5. Il ressort des pièces du dossier que M. A a été placé en congé maladie ordinaire du 23 janvier jusqu’au 8 mars 2023, puis, suite à l’édiction du nouvel arrêté du 1er mars 2023, jusqu’au 17 avril 2023. Il ressort, par ailleurs des pièces du dossier que M. A a été rétroactivement placé en congés de longue maladie à compter du 23 janvier 2023 et jusqu’au 22 janvier 2024. Ainsi, en lui accordant le bénéfice de ces congés maladie, le président du conseil départemental de la Moselle a implicitement mais nécessairement abrogé les arrêtés litigieux du 20 janvier et 1er mars 2023. Il s’ensuit qu’ainsi que le soulève le département en défense, les conclusions à fin d’annulation présentées par M. A ont perdu leur objet. Dès lors qu’elles avaient déjà perdu leur objet à la date d’instruction des requêtes, elles doivent être rejetées comme irrecevables.

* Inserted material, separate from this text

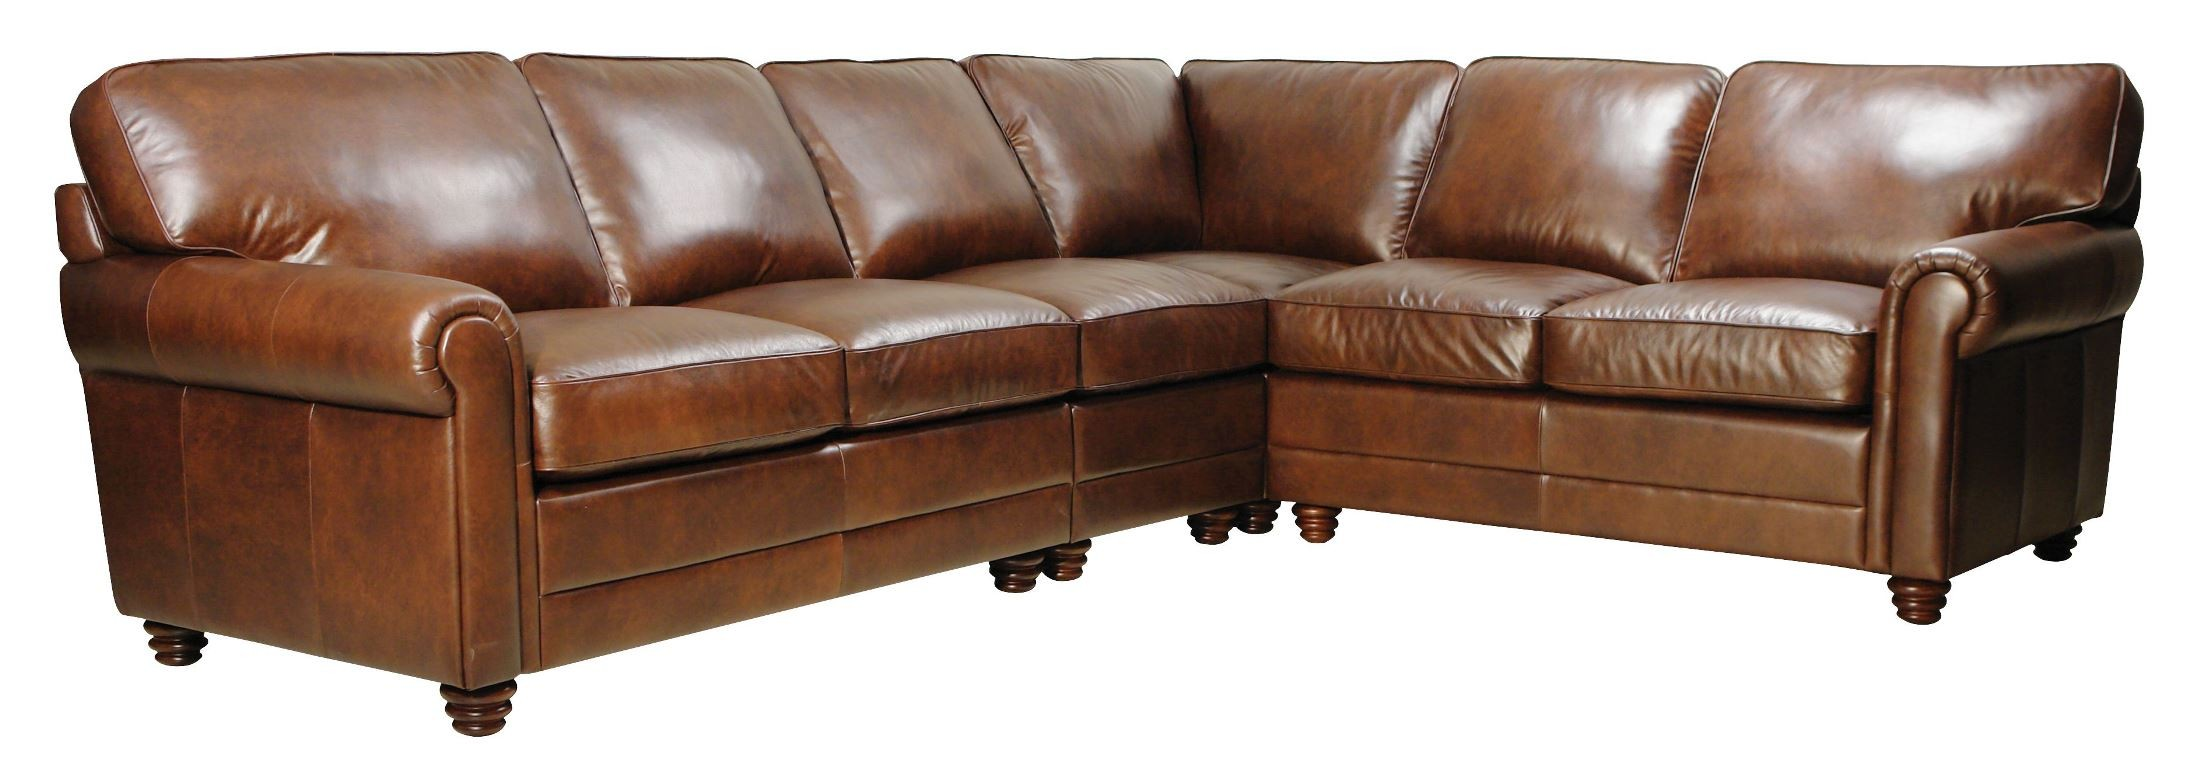 Andrew havana finish 4 piece italian leather sectional for 8 piece leather sectional sofa

Sur les conclusions à fin d’injonction :
6. Le présent jugement, qui rejette comme irrecevables les conclusions à fin de d’annulation des décisions attaquées, n’appelle aucune mesure d’exécution. Les conclusions à fin d’injonction présentées par le requérant ne peuvent, par suite, qu’être rejetées.
Sur les frais liés au litige :
7. Les dispositions de l’article L. 761-1 du code de justice administrative font obstacle à ce que soit mise à la charge du département de la Moselle, qui n’est pas, dans la présente instance, la partie perdante, la somme que le requérant demande au titre des dispositions de l’article L. 761 1 du code de justice administrative.
D E C I D E :
Article 1er : Les requêtes de M. A sont rejetées.
Article 2 : Le présent jugement sera notifié à M. B A et au département de la Moselle.
Délibéré après l’audience du 18 mars 2025, à laquelle siégeaient :
Mme Haudier, présidente,
Mme Weisse-Marchal, première conseillère,
M. Muller, premier conseiller.
Rendu public par mise à disposition au greffe le 22 avril 2025.
La rapporteure,
C.Weisse-Marchal
La présidente,
G.Haudier La Greffière,
S. Michon
La République mande et ordonne au préfet de la Moselle en ce qui le concerne ou à tous commissaires de justice à ce requis en ce qui concerne les voies de droit commun contre les parties privées, de pourvoir à l’exécution de la présente décision.